DMZ Servers not talking to eatch other

Hello all

My IPFire box is setup with GREEN ORANGE & RED networks.
I have a block of 5 WAN IP’s and a number of servers\services running in the ORNAGE network.

Every thing is seemingly working grate in terms of GREEN access to ORANGE and RED to ORANGE for services running on said servers with multiple NAT rules setup to allow access from RED on specific WAN IP’s/Ports from my block of 5…

My issue is that I am struggling to get two of these servers to talk to each other on the ORANGE network via there WAN IP’s.

There are two servers in question both are running Nethserver 8 and I am trying to cluster them together, but when I try I get an error stating that the process has timed out trying to connect via HTTPS on its FQDN.

Both servers can ping each other locally via internal IP but there trying to connect to each other via there WAN IP’s. This is shown by the error message stating the FQDN when trying to cluster and also when trying to ping each other by name via the terminal as this returns with each servers respective WAN IP but with no response to ping.

Both of these servers have working NAT rules to allow traffic to HTTP and HTTPS from RED and each is assigned an IP from the block of 5.

I have tried adding a couple of rules to see if I could get them talking but so far have failed and I’m no expert. So if any one has any suggestions it would be most appreciated.

I don’t think that editing there host files to point to each others local address is the way to go as both systems have LetEncrypt certs via there WAN address but I am open to advice.
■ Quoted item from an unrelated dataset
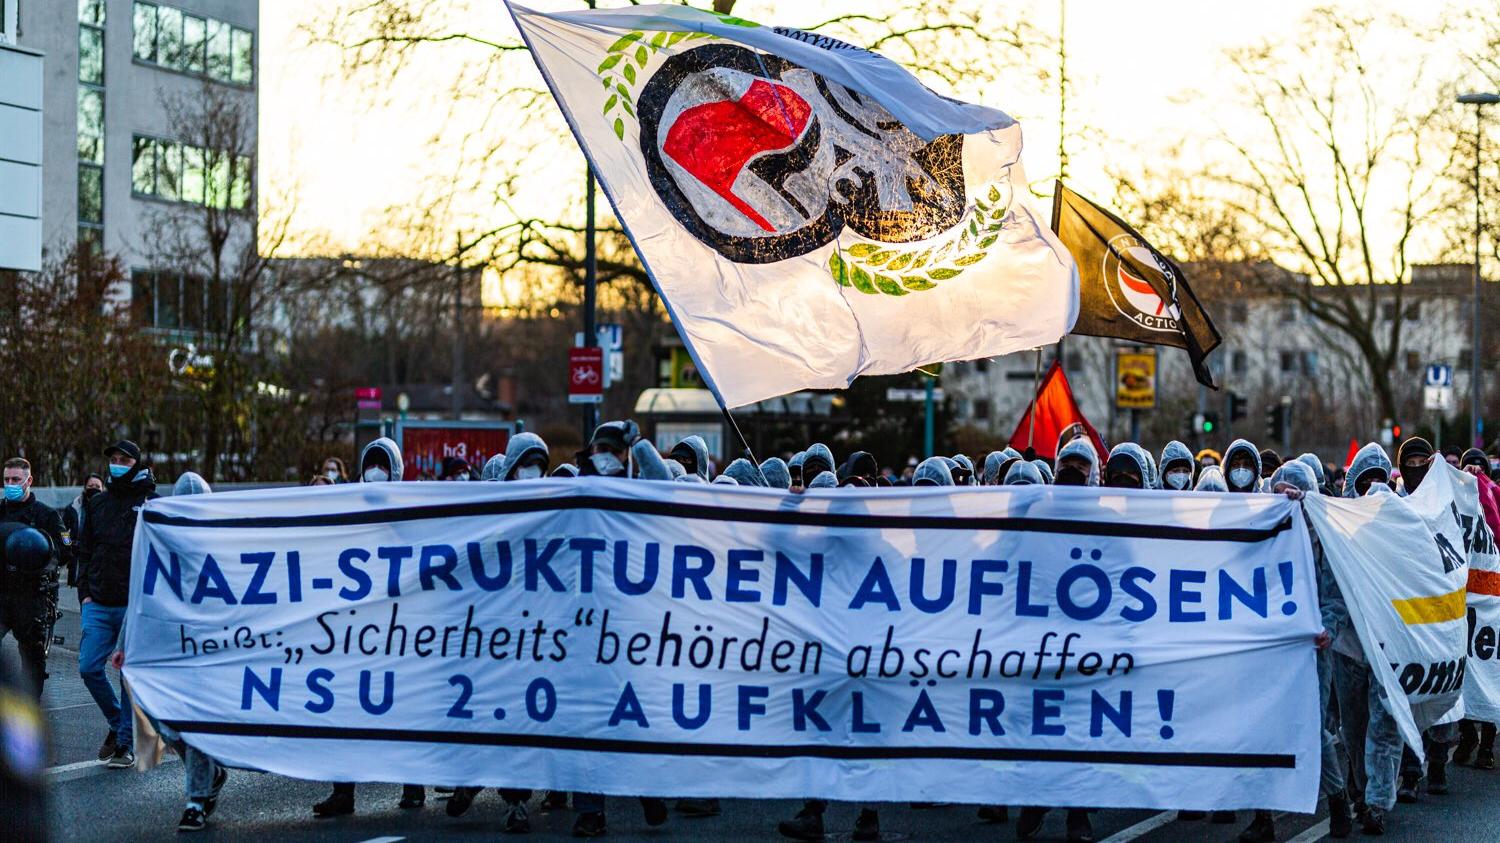 Mehrere hundert Menschen demonstrieren am 12. Februar 2022 in Frankfurt und fordern Aufklärung der NSU-2.0.-Drohserie. © Protestfotografie Frankfurt
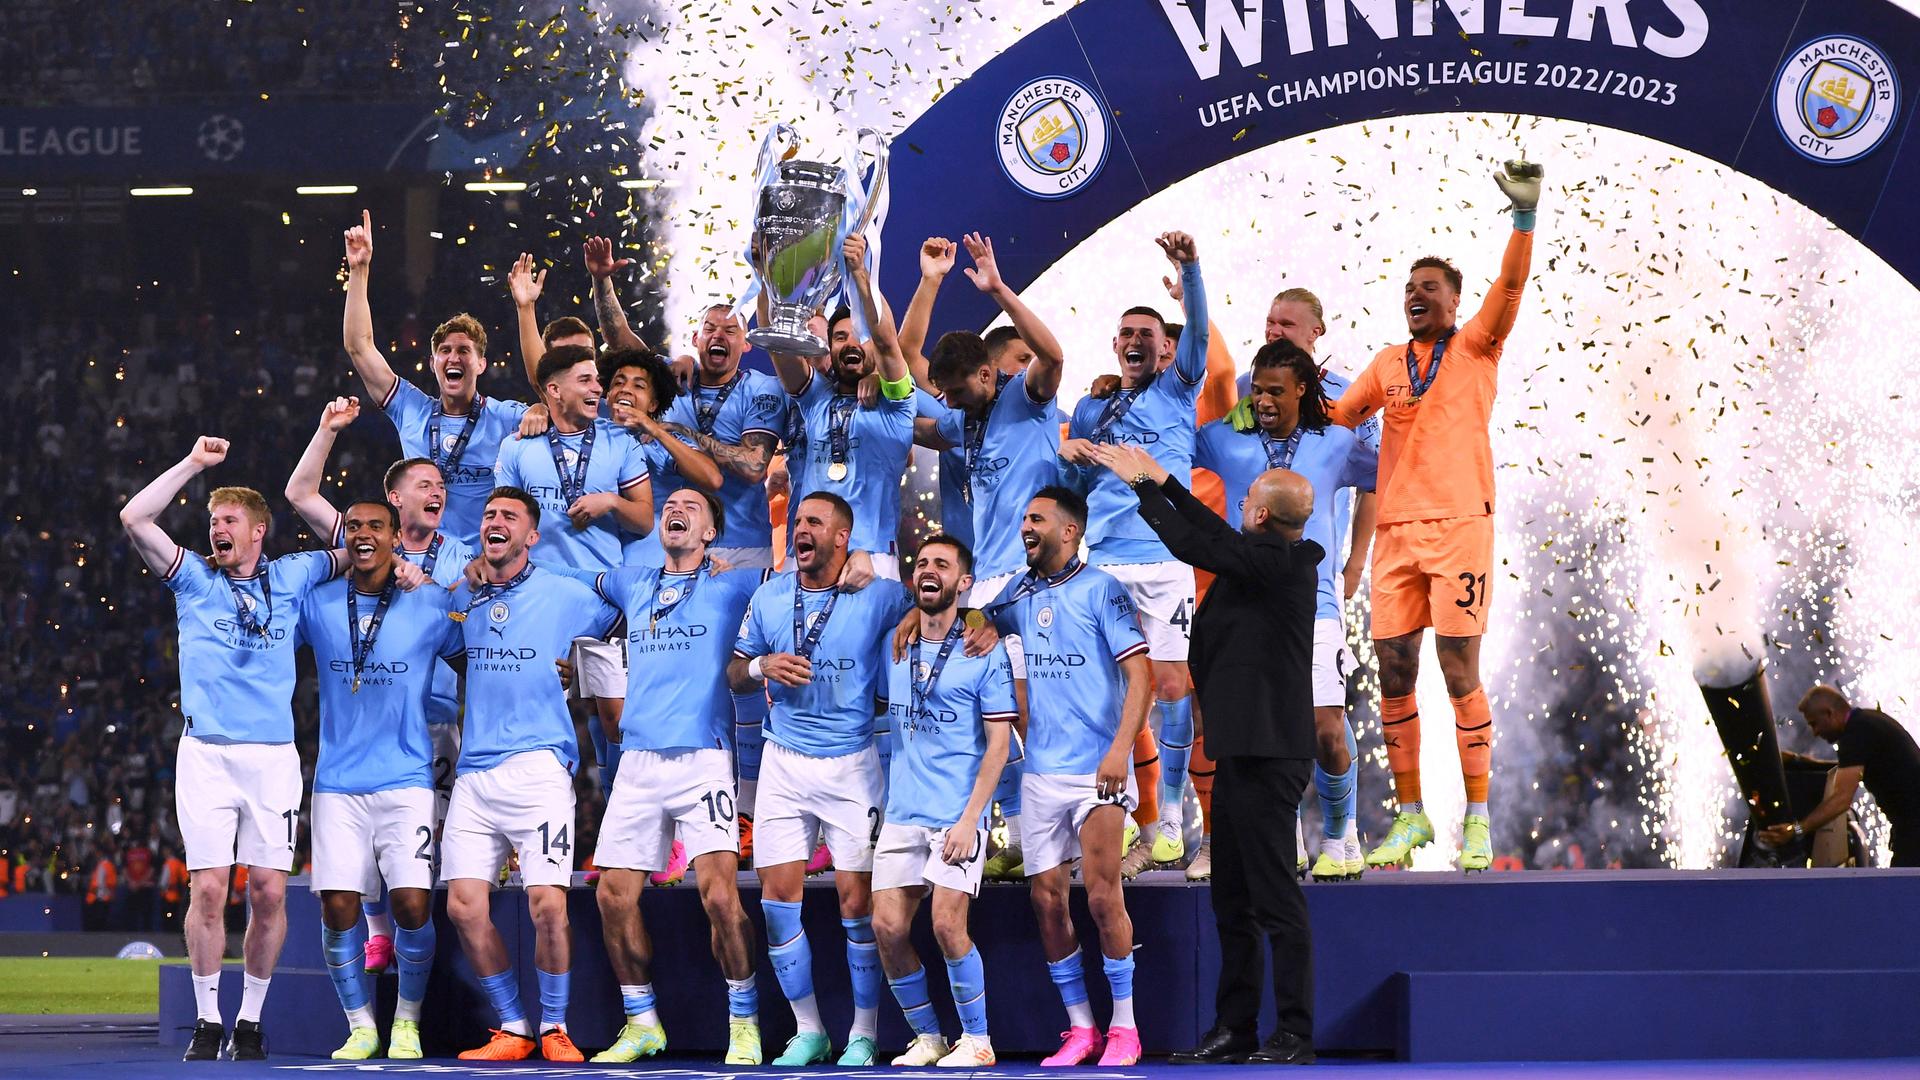 Die Spieler von Manchester City feiern den Sieg beim Champions League-Finale auf einer Tribüne. Ein Spieler streckt den großen Pokal in die Luft. Im Hinter-Grund ist Feuer-Werk und Konfetti zu sehen.

I hope I have provided enough information but please say if I’ve left out crucial info. Screen shot provided so you can see how I’ve setup NAT rules in case that’s my issue. Servers halo and nebula as the ones in question.

Thanks in Advance

D

But that is the proper solution to put the FQDN name with local ip in the host file of bind9 (hosts page in IPfire) and in /etc/hosts on the machines.
I recommend also adding the www. prefix name entry too. So your hostedsite.com and the www.hostedsite.com resolves with the orange ip address.

In regards to the firewall, its just used to set up forwarding and blocking ports you want to restrict from public.

Thank you for your answer.

If the consensus is that I should in fact edit the host files on these servers then I shall give it a go.

As for adding the info to the host section of IPFire, I have done so but with out the www.prefix. I shall go though and add these.

Of course server’s in DMZ don’t use IPFire as DNS

Thanks again for your time

IPFire DNS resolves the endpoints for any network to servers. The only time you have to use the DNS of ipfire exclusively is if you were hosting multiple web sites with one public ip address. Which this would normally be a Nginx web hosting with all sites on the same server.